### DATASET
□ □ □ □ □

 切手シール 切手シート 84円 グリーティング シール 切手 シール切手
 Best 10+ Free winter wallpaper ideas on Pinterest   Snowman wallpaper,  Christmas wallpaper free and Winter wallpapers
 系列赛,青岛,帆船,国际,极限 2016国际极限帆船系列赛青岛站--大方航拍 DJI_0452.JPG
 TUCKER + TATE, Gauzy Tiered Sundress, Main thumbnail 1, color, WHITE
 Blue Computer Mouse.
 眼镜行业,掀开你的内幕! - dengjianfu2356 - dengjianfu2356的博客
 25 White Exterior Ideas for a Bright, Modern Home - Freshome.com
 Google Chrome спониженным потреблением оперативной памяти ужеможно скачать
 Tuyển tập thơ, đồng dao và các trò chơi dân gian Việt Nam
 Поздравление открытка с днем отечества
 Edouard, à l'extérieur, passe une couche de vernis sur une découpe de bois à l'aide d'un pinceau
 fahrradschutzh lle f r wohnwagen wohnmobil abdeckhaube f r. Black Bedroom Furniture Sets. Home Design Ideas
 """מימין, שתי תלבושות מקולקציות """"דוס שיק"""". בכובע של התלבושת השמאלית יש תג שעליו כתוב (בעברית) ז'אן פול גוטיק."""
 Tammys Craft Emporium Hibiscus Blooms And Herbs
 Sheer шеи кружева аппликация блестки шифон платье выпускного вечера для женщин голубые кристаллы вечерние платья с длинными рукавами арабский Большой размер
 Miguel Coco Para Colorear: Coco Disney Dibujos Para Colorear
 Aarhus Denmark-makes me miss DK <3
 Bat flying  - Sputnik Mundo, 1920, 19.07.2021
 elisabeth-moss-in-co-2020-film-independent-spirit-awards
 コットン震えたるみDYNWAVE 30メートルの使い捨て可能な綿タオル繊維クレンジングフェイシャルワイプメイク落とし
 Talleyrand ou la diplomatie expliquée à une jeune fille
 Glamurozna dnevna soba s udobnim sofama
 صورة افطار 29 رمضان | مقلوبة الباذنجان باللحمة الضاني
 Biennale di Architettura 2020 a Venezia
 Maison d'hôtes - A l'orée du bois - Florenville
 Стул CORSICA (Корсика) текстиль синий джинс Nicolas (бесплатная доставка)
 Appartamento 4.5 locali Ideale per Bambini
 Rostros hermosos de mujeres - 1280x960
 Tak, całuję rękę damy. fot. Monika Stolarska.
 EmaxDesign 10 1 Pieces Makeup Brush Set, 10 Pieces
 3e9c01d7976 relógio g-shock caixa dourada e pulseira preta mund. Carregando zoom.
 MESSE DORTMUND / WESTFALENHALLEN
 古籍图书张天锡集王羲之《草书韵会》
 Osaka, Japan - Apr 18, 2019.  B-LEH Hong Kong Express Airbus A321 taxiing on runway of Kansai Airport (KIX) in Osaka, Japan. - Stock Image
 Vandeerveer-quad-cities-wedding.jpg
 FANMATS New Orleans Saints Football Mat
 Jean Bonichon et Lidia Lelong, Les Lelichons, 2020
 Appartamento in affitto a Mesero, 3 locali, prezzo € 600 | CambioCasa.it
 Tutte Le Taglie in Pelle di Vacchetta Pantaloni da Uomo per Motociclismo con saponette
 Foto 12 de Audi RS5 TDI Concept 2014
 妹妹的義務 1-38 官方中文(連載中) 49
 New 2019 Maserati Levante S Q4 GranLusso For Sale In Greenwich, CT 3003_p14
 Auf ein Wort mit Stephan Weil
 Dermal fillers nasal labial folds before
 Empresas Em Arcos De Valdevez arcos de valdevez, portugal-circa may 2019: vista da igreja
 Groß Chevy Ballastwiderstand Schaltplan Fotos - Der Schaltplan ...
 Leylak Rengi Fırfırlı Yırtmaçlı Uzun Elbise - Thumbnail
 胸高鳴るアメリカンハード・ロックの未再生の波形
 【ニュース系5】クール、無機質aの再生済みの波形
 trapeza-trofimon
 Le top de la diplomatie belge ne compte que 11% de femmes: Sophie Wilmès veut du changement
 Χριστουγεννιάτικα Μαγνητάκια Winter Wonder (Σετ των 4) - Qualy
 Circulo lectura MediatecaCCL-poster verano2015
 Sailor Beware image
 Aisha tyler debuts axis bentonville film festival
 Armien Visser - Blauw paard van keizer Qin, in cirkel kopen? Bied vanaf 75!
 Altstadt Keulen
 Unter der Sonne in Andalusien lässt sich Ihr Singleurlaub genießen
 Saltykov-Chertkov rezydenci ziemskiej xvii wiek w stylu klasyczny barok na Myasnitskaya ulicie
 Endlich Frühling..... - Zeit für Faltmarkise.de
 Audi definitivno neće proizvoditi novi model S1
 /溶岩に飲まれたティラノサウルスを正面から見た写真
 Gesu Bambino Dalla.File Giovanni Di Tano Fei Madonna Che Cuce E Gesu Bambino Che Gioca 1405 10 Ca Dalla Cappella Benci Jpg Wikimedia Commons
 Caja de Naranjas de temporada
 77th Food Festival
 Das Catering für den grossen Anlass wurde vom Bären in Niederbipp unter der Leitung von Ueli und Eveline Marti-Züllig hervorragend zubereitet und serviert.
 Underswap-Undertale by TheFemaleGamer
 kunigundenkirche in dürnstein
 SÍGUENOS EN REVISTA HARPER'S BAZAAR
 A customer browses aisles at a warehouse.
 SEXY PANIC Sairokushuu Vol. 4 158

□ □ □ □ □

### WHAT IS NEEDED
Using the listing above, transcribe every entry exactly.

### THE ANSWER
 切手シール 切手シート 84円 グリーティング シール 切手 シール切手
 Best 10+ Free winter wallpaper ideas on Pinterest   Snowman wallpaper,  Christmas wallpaper free and Winter wallpapers
 系列赛,青岛,帆船,国际,极限 2016国际极限帆船系列赛青岛站--大方航拍 DJI_0452.JPG
 TUCKER + TATE, Gauzy Tiered Sundress, Main thumbnail 1, color, WHITE
 Blue Computer Mouse.
 眼镜行业,掀开你的内幕! - dengjianfu2356 - dengjianfu2356的博客
 25 White Exterior Ideas for a Bright, Modern Home - Freshome.com
 Google Chrome спониженным потреблением оперативной памяти ужеможно скачать
 Tuyển tập thơ, đồng dao và các trò chơi dân gian Việt Nam
 Поздравление открытка с днем отечества
 Edouard, à l'extérieur, passe une couche de vernis sur une découpe de bois à l'aide d'un pinceau
 fahrradschutzh lle f r wohnwagen wohnmobil abdeckhaube f r. Black Bedroom Furniture Sets. Home Design Ideas
 """מימין, שתי תלבושות מקולקציות """"דוס שיק"""". בכובע של התלבושת השמאלית יש תג שעליו כתוב (בעברית) ז'אן פול גוטיק."""
 Tammys Craft Emporium Hibiscus Blooms And Herbs
 Sheer шеи кружева аппликация блестки шифон платье выпускного вечера для женщин голубые кристаллы вечерние платья с длинными рукавами арабский Большой размер
 Miguel Coco Para Colorear: Coco Disney Dibujos Para Colorear
 Aarhus Denmark-makes me miss DK <3
 Bat flying  - Sputnik Mundo, 1920, 19.07.2021
 elisabeth-moss-in-co-2020-film-independent-spirit-awards
 コットン震えたるみDYNWAVE 30メートルの使い捨て可能な綿タオル繊維クレンジングフェイシャルワイプメイク落とし
 Talleyrand ou la diplomatie expliquée à une jeune fille
 Glamurozna dnevna soba s udobnim sofama
 صورة افطار 29 رمضان | مقلوبة الباذنجان باللحمة الضاني
 Biennale di Architettura 2020 a Venezia
 Maison d'hôtes - A l'orée du bois - Florenville
 Стул CORSICA (Корсика) текстиль синий джинс Nicolas (бесплатная доставка)
 Appartamento 4.5 locali Ideale per Bambini
 Rostros hermosos de mujeres - 1280x960
 Tak, całuję rękę damy. fot. Monika Stolarska.
 EmaxDesign 10 1 Pieces Makeup Brush Set, 10 Pieces
 3e9c01d7976 relógio g-shock caixa dourada e pulseira preta mund. Carregando zoom.
 MESSE DORTMUND / WESTFALENHALLEN
 古籍图书张天锡集王羲之《草书韵会》
 Osaka, Japan - Apr 18, 2019.  B-LEH Hong Kong Express Airbus A321 taxiing on runway of Kansai Airport (KIX) in Osaka, Japan. - Stock Image
 Vandeerveer-quad-cities-wedding.jpg
 FANMATS New Orleans Saints Football Mat
 Jean Bonichon et Lidia Lelong, Les Lelichons, 2020
 Appartamento in affitto a Mesero, 3 locali, prezzo € 600 | CambioCasa.it
 Tutte Le Taglie in Pelle di Vacchetta Pantaloni da Uomo per Motociclismo con saponette
 Foto 12 de Audi RS5 TDI Concept 2014
 妹妹的義務 1-38 官方中文(連載中) 49
 New 2019 Maserati Levante S Q4 GranLusso For Sale In Greenwich, CT 3003_p14
 Auf ein Wort mit Stephan Weil
 Dermal fillers nasal labial folds before
 Empresas Em Arcos De Valdevez arcos de valdevez, portugal-circa may 2019: vista da igreja
 Groß Chevy Ballastwiderstand Schaltplan Fotos - Der Schaltplan ...
 Leylak Rengi Fırfırlı Yırtmaçlı Uzun Elbise - Thumbnail
 胸高鳴るアメリカンハード・ロックの未再生の波形
 【ニュース系5】クール、無機質aの再生済みの波形
 trapeza-trofimon
 Le top de la diplomatie belge ne compte que 11% de femmes: Sophie Wilmès veut du changement
 Χριστουγεννιάτικα Μαγνητάκια Winter Wonder (Σετ των 4) - Qualy
 Circulo lectura MediatecaCCL-poster verano2015
 Sailor Beware image
 Aisha tyler debuts axis bentonville film festival
 Armien Visser - Blauw paard van keizer Qin, in cirkel kopen? Bied vanaf 75!
 Altstadt Keulen
 Unter der Sonne in Andalusien lässt sich Ihr Singleurlaub genießen
 Saltykov-Chertkov rezydenci ziemskiej xvii wiek w stylu klasyczny barok na Myasnitskaya ulicie
 Endlich Frühling..... - Zeit für Faltmarkise.de
 Audi definitivno neće proizvoditi novi model S1
 /溶岩に飲まれたティラノサウルスを正面から見た写真
 Gesu Bambino Dalla.File Giovanni Di Tano Fei Madonna Che Cuce E Gesu Bambino Che Gioca 1405 10 Ca Dalla Cappella Benci Jpg Wikimedia Commons
 Caja de Naranjas de temporada
 77th Food Festival
 Das Catering für den grossen Anlass wurde vom Bären in Niederbipp unter der Leitung von Ueli und Eveline Marti-Züllig hervorragend zubereitet und serviert.
 Underswap-Undertale by TheFemaleGamer
 kunigundenkirche in dürnstein
 SÍGUENOS EN REVISTA HARPER'S BAZAAR
 A customer browses aisles at a warehouse.
 SEXY PANIC Sairokushuu Vol. 4 158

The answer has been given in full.